Murder At The College

Written by Victor L. Whitechurch

Review written by LJ Hurst

Initially, L. J. Hurst worked in the backrooms of the media industry. He now divides his time between work for an international scientific publisher and a rather more British independent bookseller. In years past he was a regular attendee at the Shots on the Page Festivals from whence Shots Mag sprung


Murder At The College
The Oleander Press
RRP: £8.99
Released: March 08, 2022
Pbk

Victor L Whitechurch’s last detective novel has two titles: Oleander Press have kept the original British title, but in the USA this was known as Crime At Exbridge. There is a connection: the murder takes place in an Oxbridge-like university college.

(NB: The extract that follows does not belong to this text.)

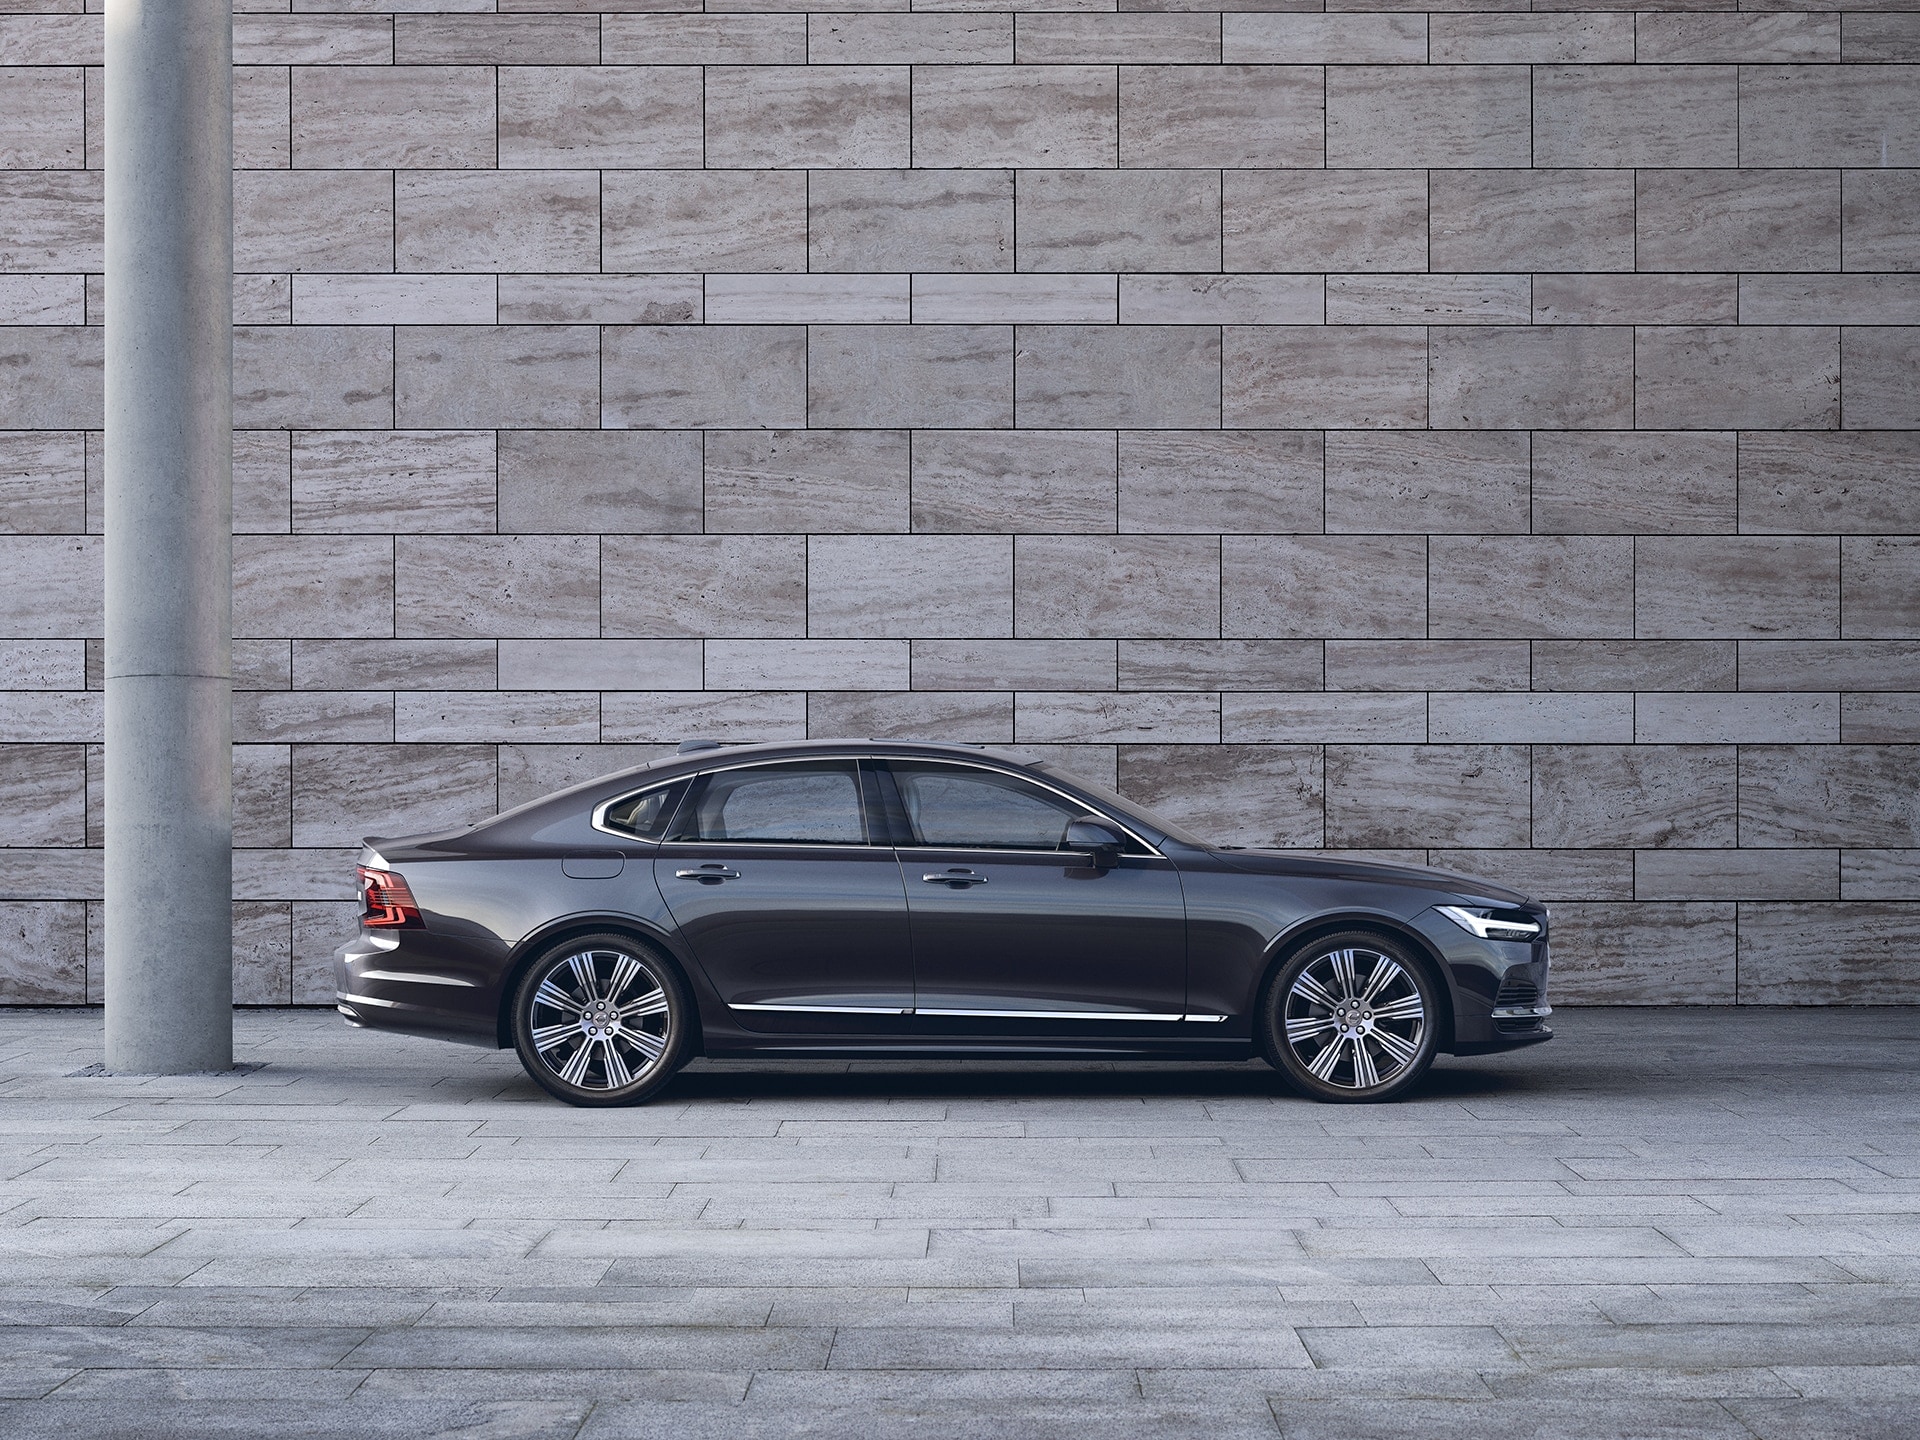 A dark Volvo S90 is parked in front of a grey wall

Whitechurch was a clergyman who wrote in his spare time, and had at one time been chaplain to the Bishop of Oxford (the cathedral in that city is the chapel of Christchurch College), but Exbridge seems a smaller town than Oxford. This provides part of the difficulty the police have in solving the crime: while the windows of college rooms might be seen from across the street, the college itself at lunchtimes during vacations might be empty of potential witnesses.

A group of architectural advisors to the Bishop meet monthly, often as this month, in the college rooms of an acquaintance. At lunchtimes they go their separate ways to fill the inner man (they are all men, of course), but on this one day Francis Hatton has stayed behind to eat his sandwiches. And meet his death. On their return, the members of the party find Hatton’s body slumped in a chair under a newspaper. A knife which had been thrown down at the foot of the stairs might be the murder weapon but the police pathologist is unsure.

The diners and college servants, when investigated, have alibis. The case seems to be broken open when a witness from an office across the street identifies a figure who appeared at the college window but social difficulties arrive when that figure is identified as a lord of the manor of one of the outlying villages. Readers might have realised that this is a novel of that period when, earlier, the college servant was spoken to: “I ought to warn you, Williams, that you are in a delicate position.” None of the consultative committee members got that warning.

Meanwhile, Detective Sergeant Ambrose has gone to Carnford Manor, in another of the outlying villages, to visit the home of the deceased Francis Hatton and discovered that he was interested in codes and code-breaking, for such as cypher was found on a slip of paper in the dead man’s pocket. It is this discovery with its implications that keep Ambrose on the case when the Chief Constable would rather he was working on a long-running series of thefts, where small, valuable and portable items were discovered to be going missing all over the county.

Given the date of Murder At The College (1932) that makes it pretty certain that the crimes are linked. How Whitechurch does it, which involves identifying broken shoelaces and knowledge of international travel timetables, is what makes this another good read from the Golden Age, and another worthy reprint.